折形の歴史
折形は将軍家中心に秘伝として門外不出で伝承されてきました。古文書によれば、原型は鎌倉時代に誕生し京都室町時代の三代将軍足利義満が高家に命じて武家独自の礼法を制定し、大名・旗本などに限って指導しました。外の礼法(弓馬礼法)は小笠原家が、中(うち)の礼法(殿中の礼法)は伊勢家が任され、礼法を指南しました。それらの礼法の中に和紙で贈り物を包む「折形」がありました。社会の頂点にあった天皇家中心の公家社会でも和紙を使った折形がありました。公家は主に絹の布 (布帛)で包み、絹の紐で結ぶやり方が中心でしたが、それに対して武力を誇った武家は主に強靱で白い和紙を使って包み、和紙を縒った紙縒り(または水引)で結ぶ独自の文化を考案しました。多彩な自然界の色を使った絹の文化が公家、それに対して自然界の生なりの分厚い楮の繊維で作られた和紙を使ったのが武家の和紙文化です。
時代が平和になり江戸や大阪中心に商人文化が栄えると、武家は仕事を失い同時に門外不出であった折形礼法も寺子屋などで教えられて一般に普及して行きました。多くの礼法の流派も派生していき、混乱も生じました。全国の農家が副業で和紙を漉くようになると和紙も一般に普及し、特に折形の粉包みなどの造形のおもしろさから、単に形を折って楽しむ「遊戯折形=おりがみ遊び」が急速に普及しました。物を包む礼法から形を作って楽しむ「工芸、遊び」として発展します。器用な日本人ならではの応用発展です。
明治以降現代社会での折形
明治以降、義務教育では作法の一環として必ず折形を学びました。小学校の一部、高等女学校などでは教科書に20~30種類の折形が必須項目として掲載されていました。大正生まれの世代の方が最後の習得者です。

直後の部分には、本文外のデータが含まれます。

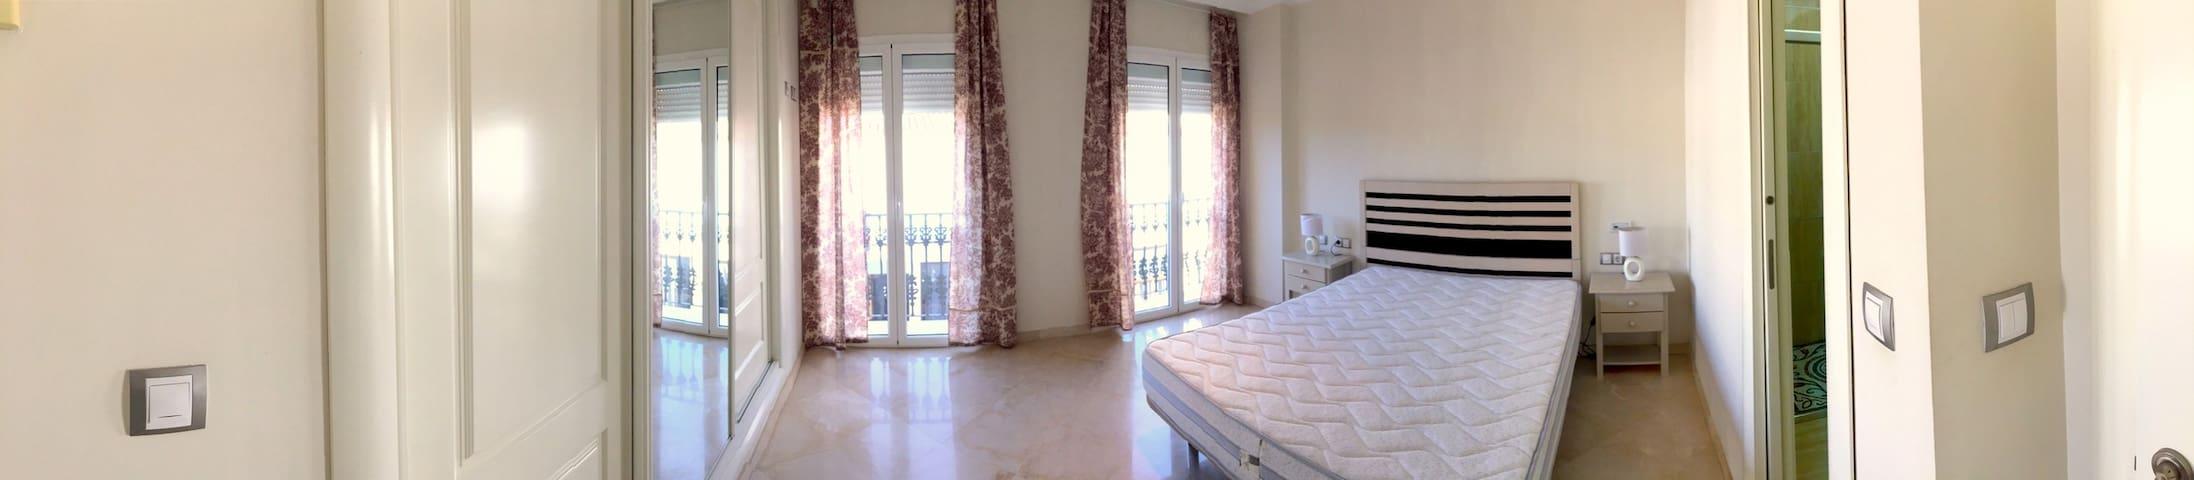 Apartamento de lujo ZAFRA (Badajoz) Plaza España - Zafra - Wohnung
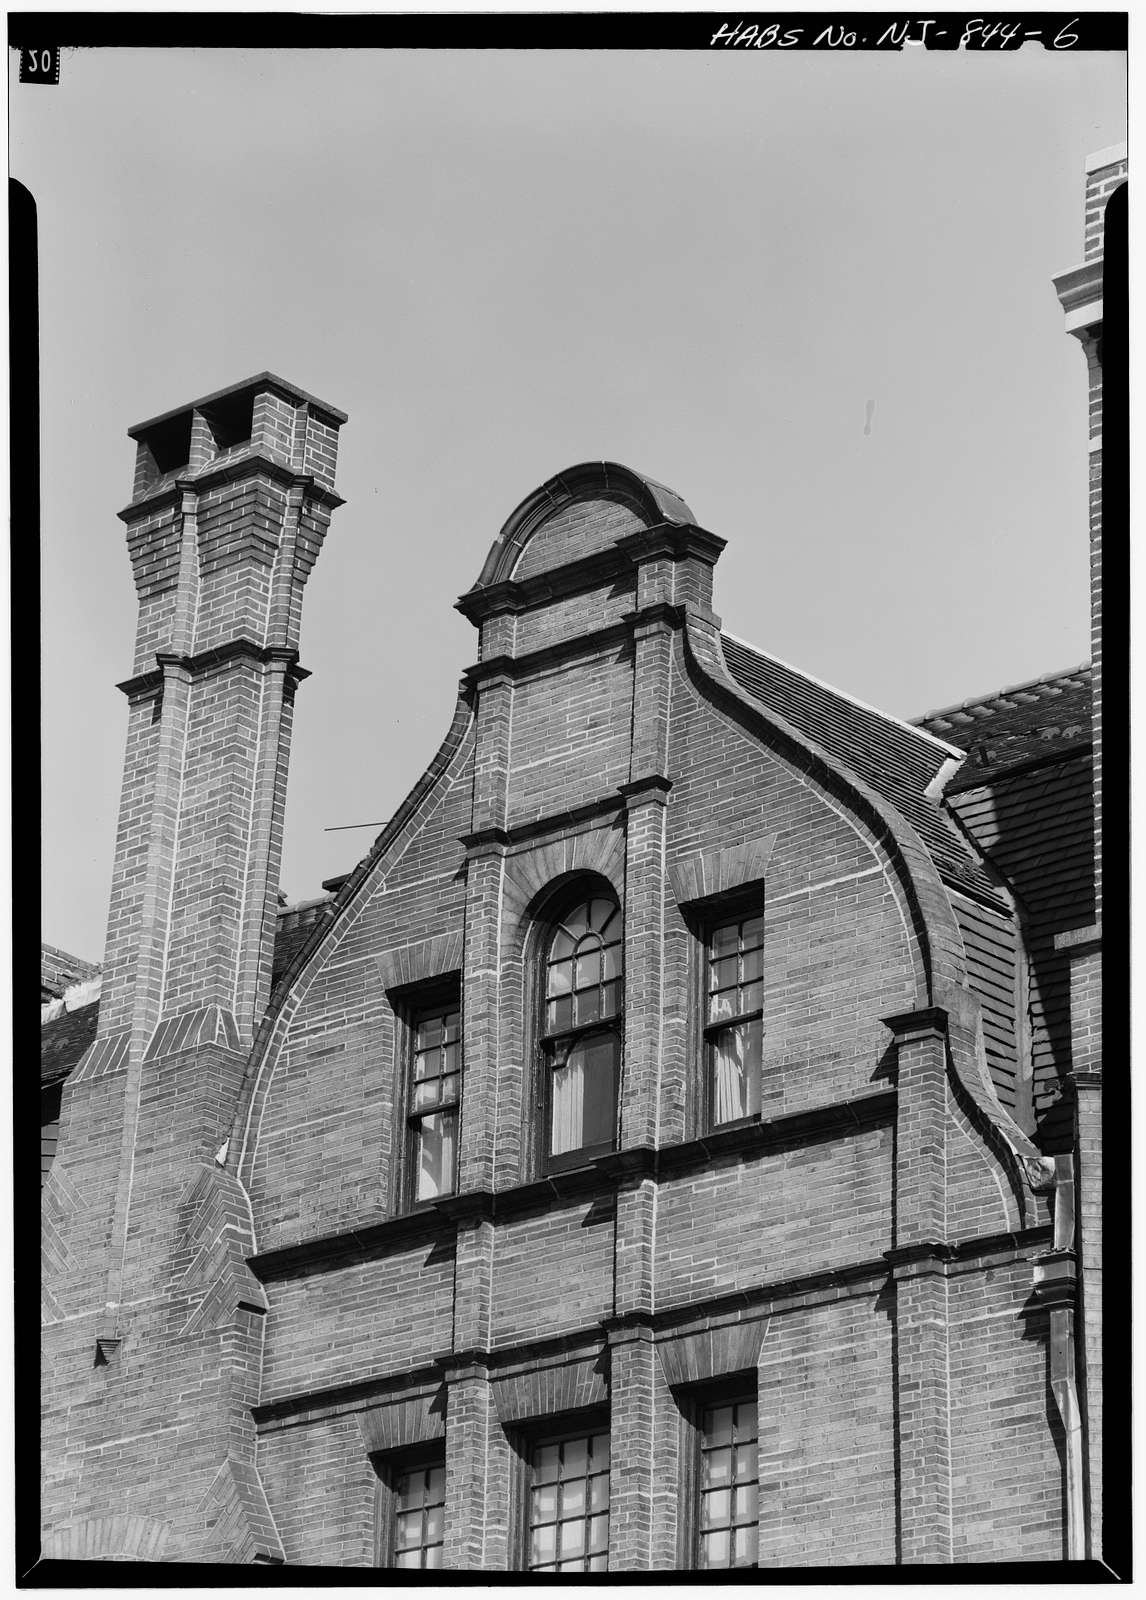 Dr. H. Genet Taylor House & Offices, 305 Cooper Street, Camden, Camden County, NJ

しかしながら第二次世界大戦終了後急速な欧米文化の普及に伴って学校教育から折形礼法は突如消失してしまいました。
以降、百貨店が贈り物を包装し、熨斗紙を貼りつけ、相手先に送り届けてくれる代行サービス文化が一気に普及しました。同時に既成品の祝儀袋とよばれるお金を包む折形が販売されるようになりました。現在ではコンビニエンスストアーや百円ショップなどでも買えるようになりましたが、本来の原則から外れたものも多く売られています。
また、進物を贈ることを「贈進」と呼びますが百貨店が考案し、広めた「贈答」という言葉とその行動は本来の礼法からはかけ離れた考えかたです。贈られたれ方にすぐに贈り返すことはしっぺ返しと捉えられます。義理や形式は礼の心ではないのです。